Steady Performance; Digital Transformation to Lead Growth

Est. Vs. Actual for Q1FY26: Revenue: INLINE; EBIT Margin: INLINE; PAT - BEAT

Recommendation Rationale

* Macro Headwinds: The quarter began with considerable macro uncertainty with slowing growth in both the US and Europe. Clients paused net new spending due to uncertainties related to tariffs. However, GenAI continues to remain in demand.

* Wage Hikes & ESOPs: The company's wage hikes and ESOPs implementation will impact margins in the next quarter. However, the management is committed to maintaining a midteens EBITDA margin range in the long run.

* AI Implementation: AI is central to Zensar's strategy, driving 30% of its active pipeline, with over half of its talent upskilled in AI and GenAI. 20% of order bookings are AI-influenced. The company launched "Zen's AI," a GenAI accelerator platform, which has been praised for connected intelligence, multimodal search, and enterprise-grade agentic AI models.
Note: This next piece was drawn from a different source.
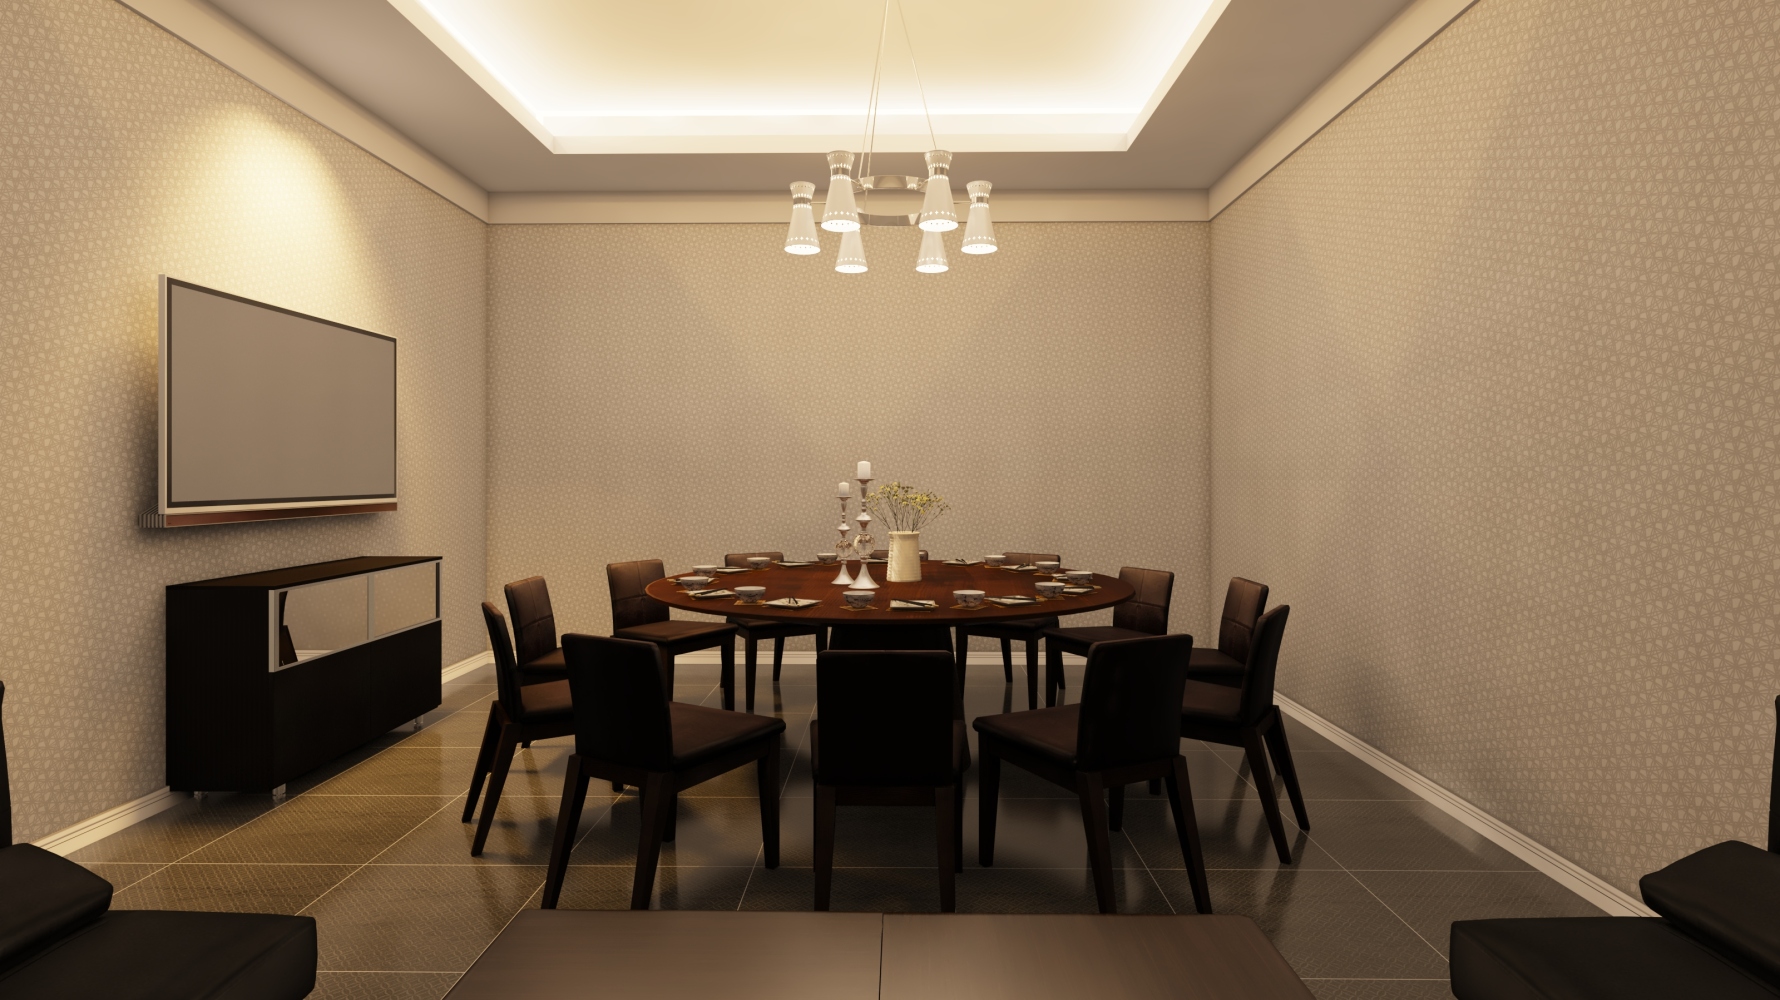 星南方餐厅包厢 现代风格一室装修效果图 刘京晶设计效果图 每

Sector Outlook: Cautiously Optimistic

Company Outlook & Guidance: The management remains cautiously optimistic on performance for the rest of the year due to macro uncertainty, relying on core operational foundations.

Current Valuation: 24x FY27E P/E

Current TP: Rs 875/share

Recommendation: Over the years, the company’s focus has been on reskilling and upskilling in next-gen tech, which has resulted in healthy utilisation levels, and this is expected to continue further. We resume our coverage with a HOLD rating on the stock.

Financial performance

In Q1FY26, Zensar Technologies reported revenue of Rs 1,385 Cr vs Rs 1,288 Cr (Q1FY25), up 7.5% YoY and 1.9% QoQ on account of growing traction in AI-led deals and impactful solution delivery. EBIT stood at Rs 188 Cr vs Rs 172 Cr, reporting growth of 9.3% YoY, but fell 0.6% QoQ. Net income stood at Rs 182 Cr vs Rs 158 Cr, up 15.3% YoY and 3.2% QoQ, supported by higher other income. Moreover, in CC terms, revenue grew by 3.8% YoY and 1.9% QoQ. Attrition rate fell by 80 bps to 9.8% vs 10.6% YoY.

Valuation & Recommendation

The demand outlook across most verticals remains uncertain, impacting revenue growth momentum in the near term. However, given the company's stable performance supported by favourable business deals and enhanced customer retention, we resume over coverage with a HOLD rating on the stock and assign a 24x P/E multiple to its FY27E earnings to arrive at a TP of Rs 875/share, implying an upside of 8% from the CMP.